_Information provided_.
======

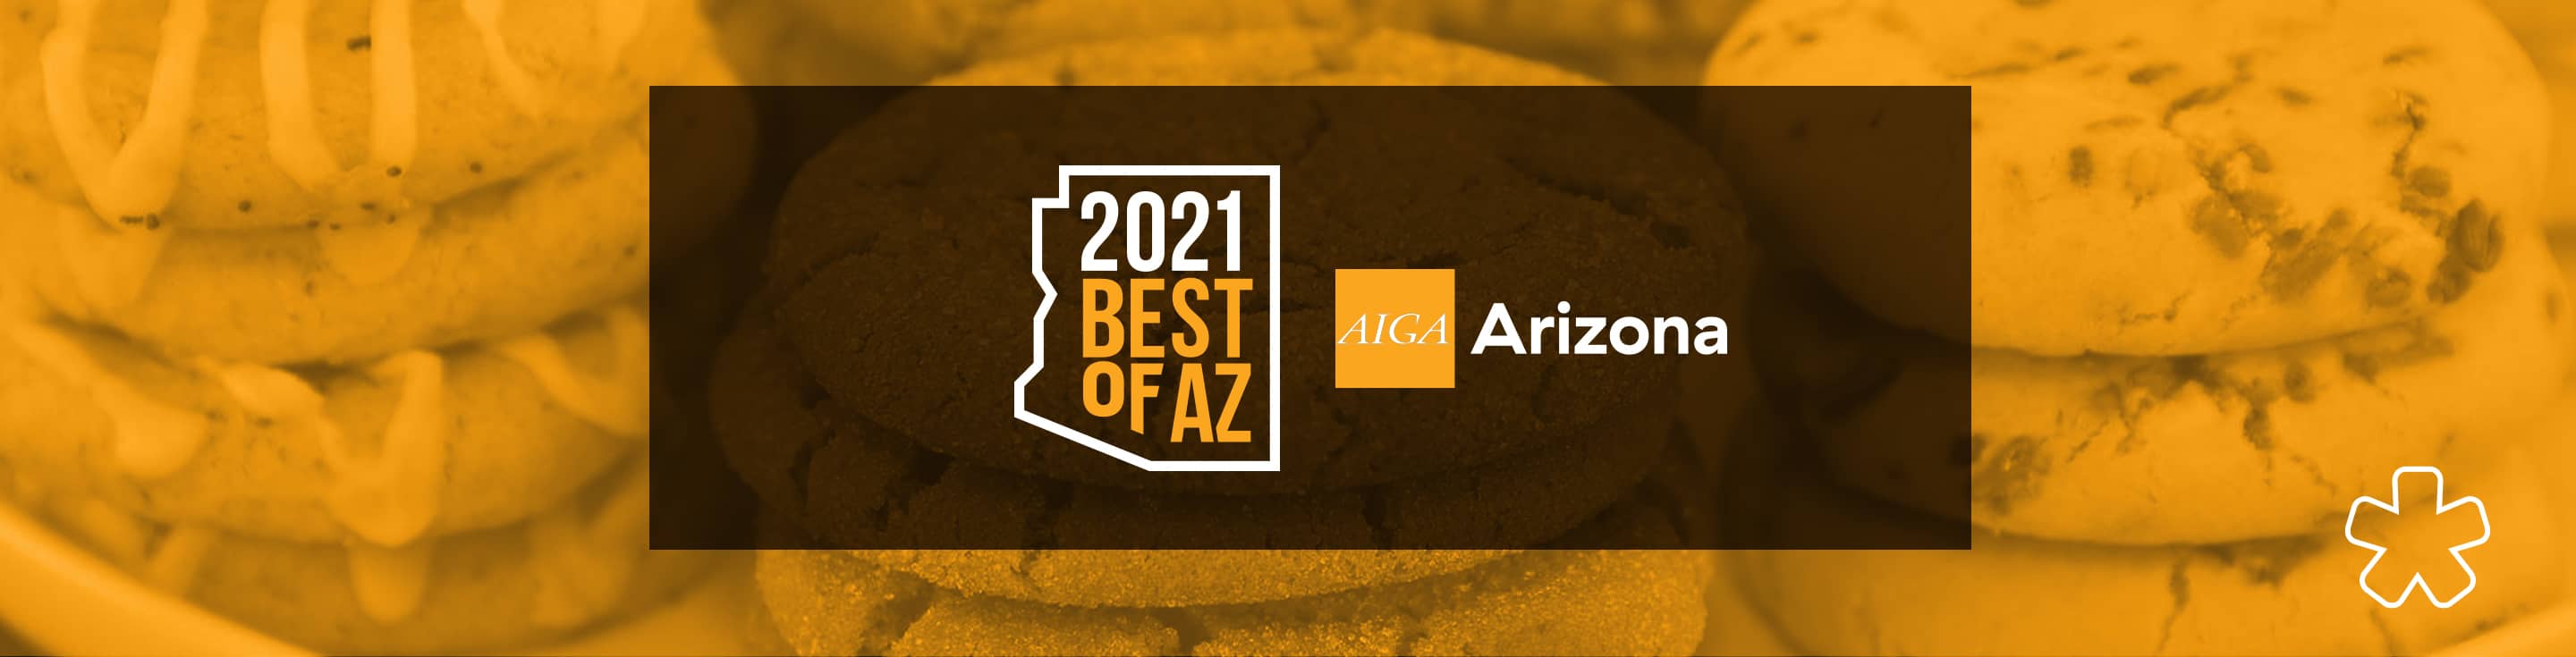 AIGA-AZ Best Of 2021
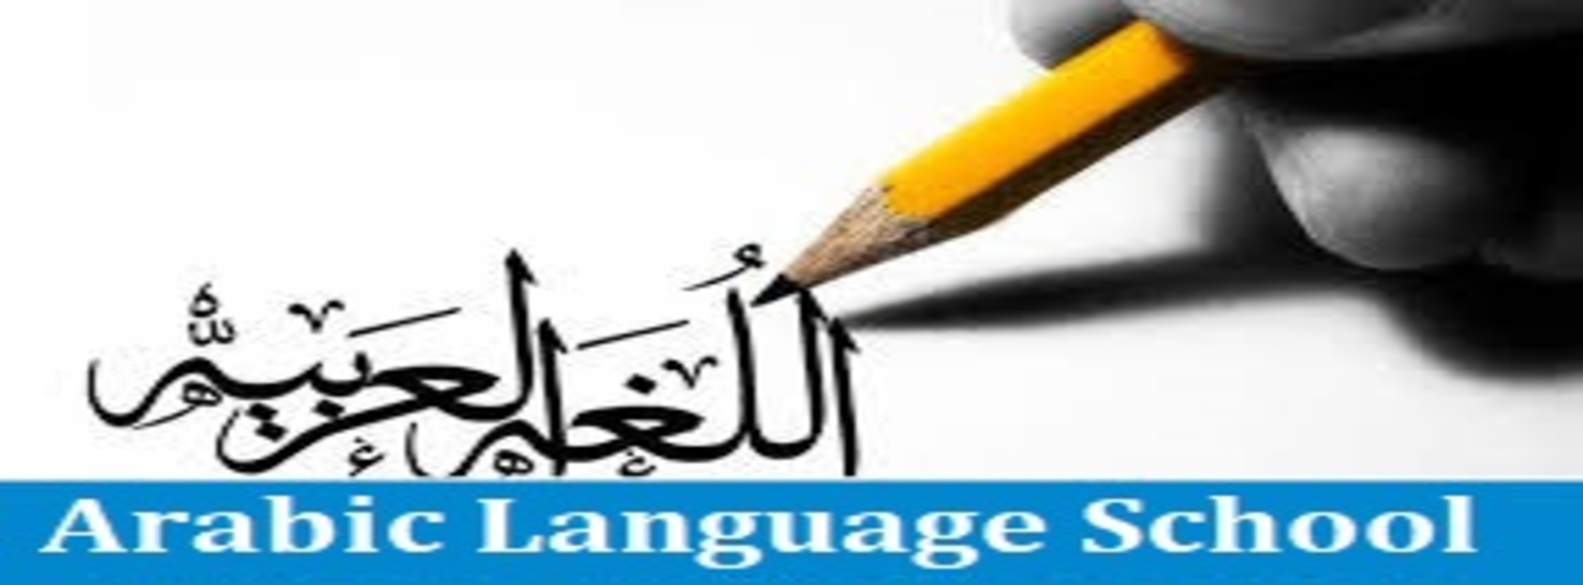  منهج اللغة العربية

======

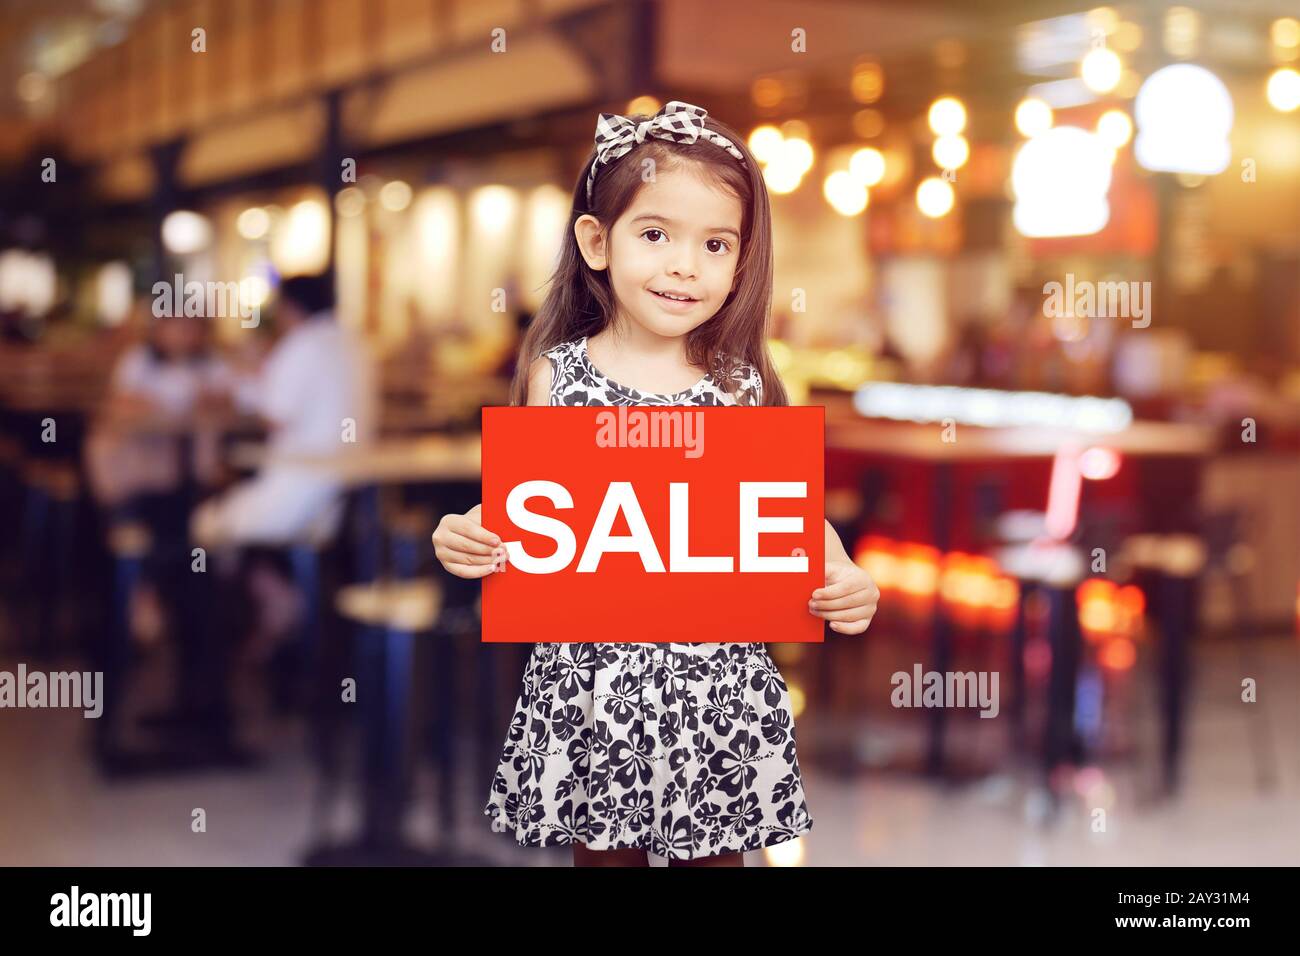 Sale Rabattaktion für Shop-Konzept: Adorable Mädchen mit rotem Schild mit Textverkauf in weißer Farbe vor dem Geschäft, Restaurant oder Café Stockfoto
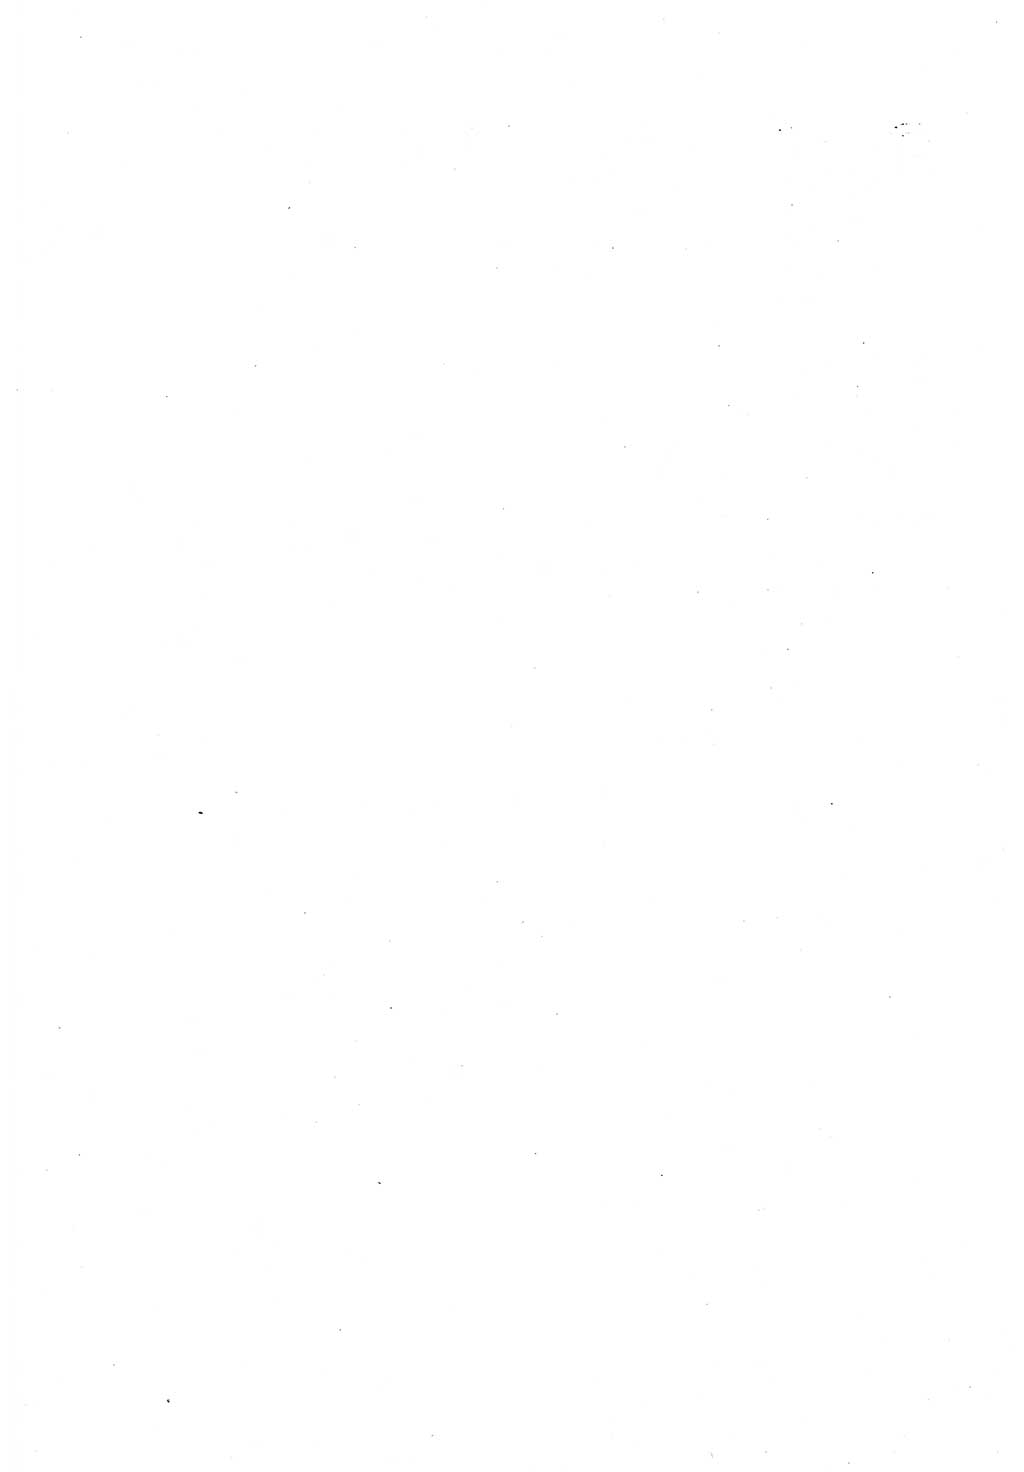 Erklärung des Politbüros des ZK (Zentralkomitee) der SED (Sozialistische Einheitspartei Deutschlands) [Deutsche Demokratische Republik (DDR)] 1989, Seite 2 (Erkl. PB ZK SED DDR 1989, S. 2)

======

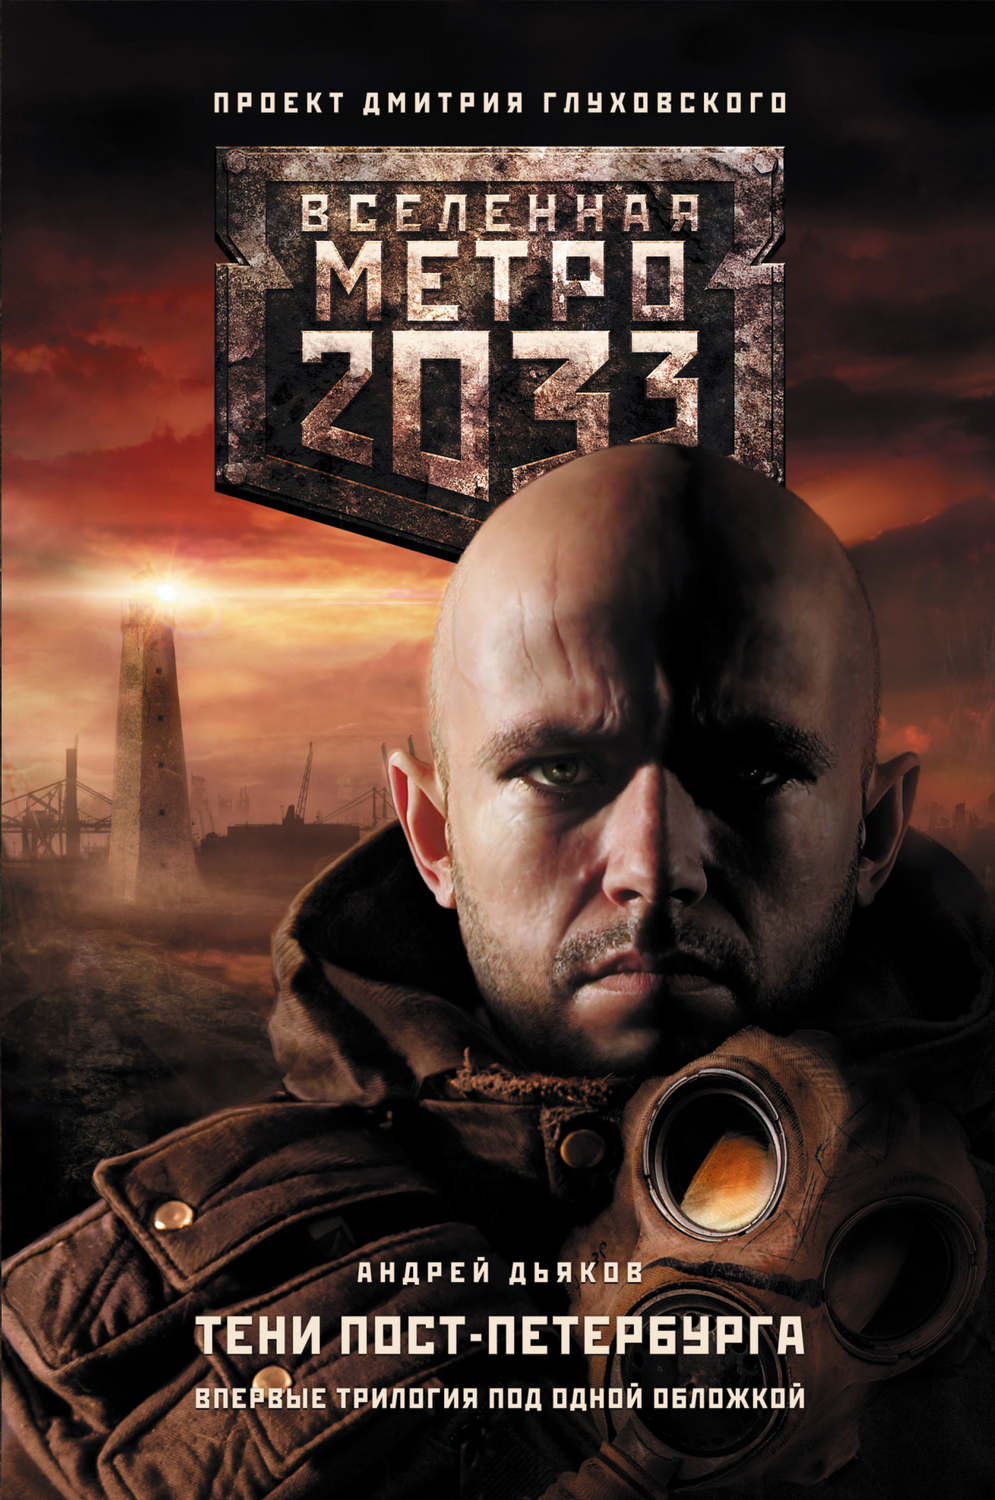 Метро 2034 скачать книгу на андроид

======

_What this task involves_.
Above, find the line holding "Sale Rabattaktion für" and the line holding "Erklärung des Politbüros". Print exactly those two lines and every line between them, but no pictures.

_Task output_.
 Sale Rabattaktion für Shop-Konzept: Adorable Mädchen mit rotem Schild mit Textverkauf in weißer Farbe vor dem Geschäft, Restaurant oder Café Stockfoto
 Erklärung des Politbüros des ZK (Zentralkomitee) der SED (Sozialistische Einheitspartei Deutschlands) [Deutsche Demokratische Republik (DDR)] 1989, Seite 2 (Erkl. PB ZK SED DDR 1989, S. 2)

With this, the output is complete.